Hah, I’ll let Decartes go (or condition him on a workable concept of existence—but that’s more of a spitball than the hardball I was going for).
But in answer to your non-contradiction question… I think I’d be epistemically entitled to just sneer and walk away. For one reason, again, if we’re in any conventional (i.e. not paraconsistent) logic, admitting any contradiction entails that I can prove any proposition to be true. And, giggle giggle, that includes the proposition “the law of non-contradiction is true.” (Isn’t logic a beautiful thing?) So if this mathematician thinks s/he can argue me into accepting the negation of the law of non-contradiction, and takes the further step of asserting any statement whatsoever to which it purportedly applies (i.e. some P, for which P&~P, such as the whiteness of snow), then lo and behold, I get the law of non-contradiction right back.
I suppose if we wanted to split hairs, we could say that one can deny the law of non-contradiction without further asserting an actual statement to which that denial applies—i.e. ~(~(P&~P)) doesn’t have to entail the existence of a statement P which is both true and false ((∃p)Np, where N stands for “is true and not true?” Abusing notation? Never!) But then what would be the point of denying the law?

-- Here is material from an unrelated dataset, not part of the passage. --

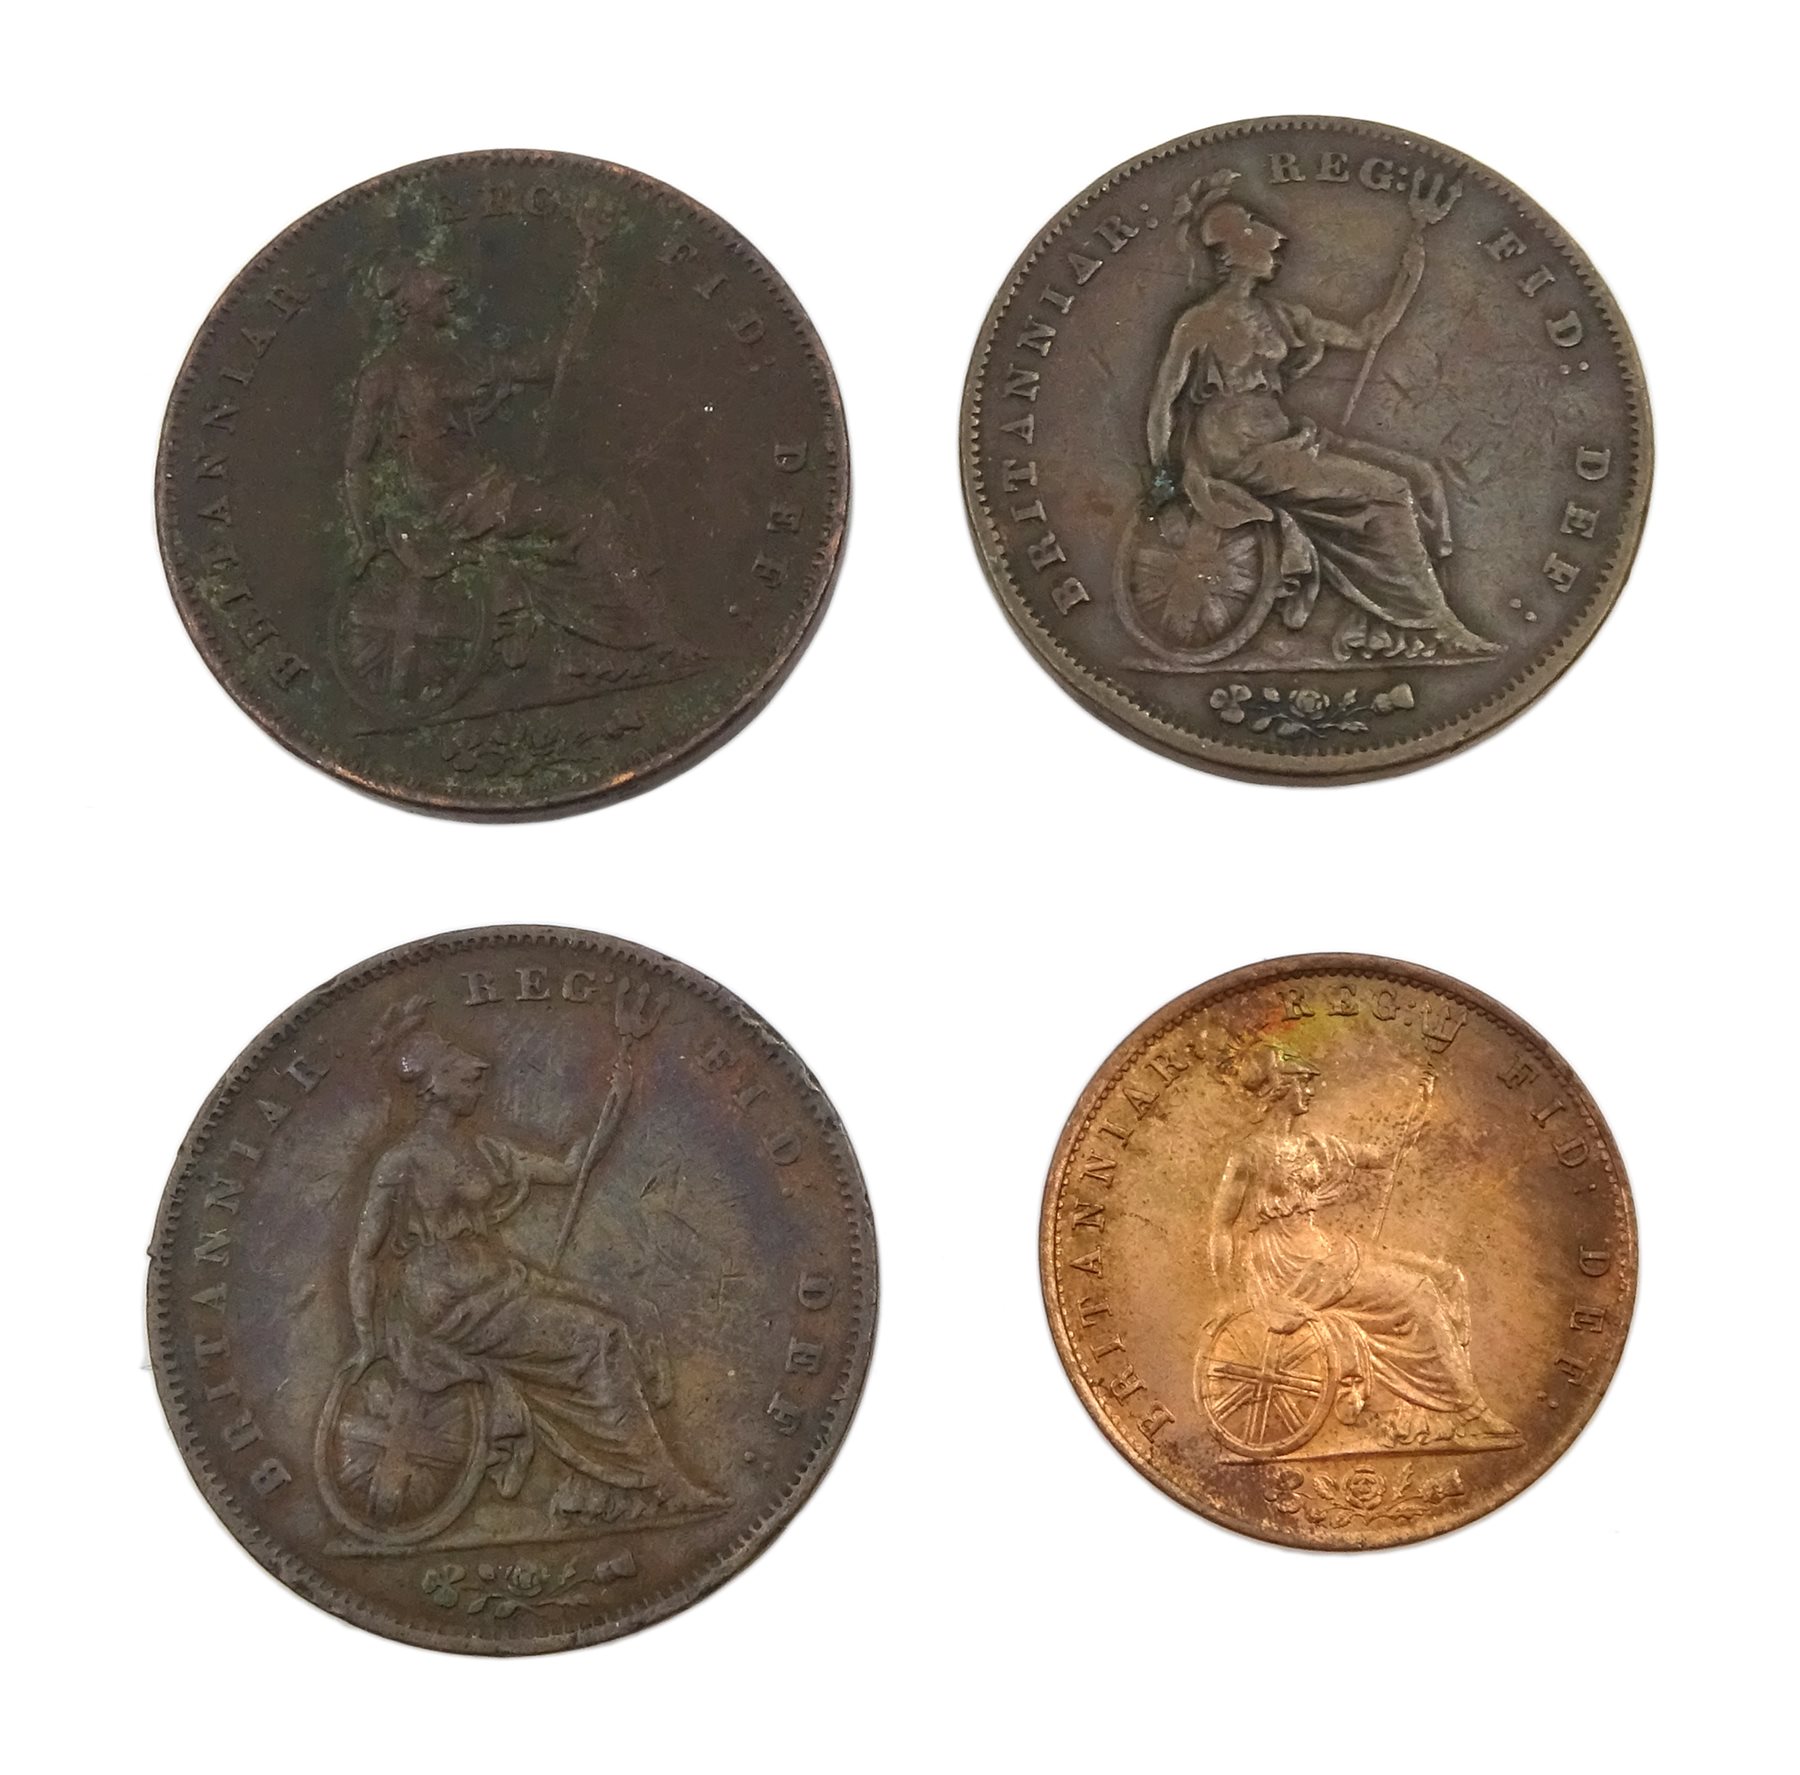 Three Queen Victoria pennies dated 1848, 1853 and 1854 and a Queen

(That being said, what I’d actually do is stop long enough to listen to the argument—but I don’t think that commits me to changing my zero probability. I’d listen to the argument solely in order to refute it.)
As for the very tiny credence in the negation of the law of non-contradiction (let’s just call it NNC), I wonder what the point would be, if it wouldn’t have any effect on any reasoning process EXCEPT that it would create weird glitches that you’d have to discard? It’s as if you deliberately loosened one of the spark plugs in your engine.
Also (and sorry for the rapid-fire commenting), do you accept that we can have conditional probabilities of one? For example, P(A|A)=1? And, for that matter, P(B|(A-->B, A))=1? If so, I believe I can force you to accept at least probabilities of 1 in sound deductive arguments. And perhaps (I’ll have to think about it some more) in the logical laws that get you to the sound deductive arguments. I’m just trying to get the camel’s nose in the tent here...
I confess, the money pump thing sometimes strikes me as … well… contrived. Yes, in theory, if one’s preferences violate various rules of rationality (acyclicity being the easiest), one could conceivably be money-pumped. But, uh, it never actually happens in the real world. Our preferences, once they violate idealized axioms, lead to messes in highly unrealistic situations. Big deal.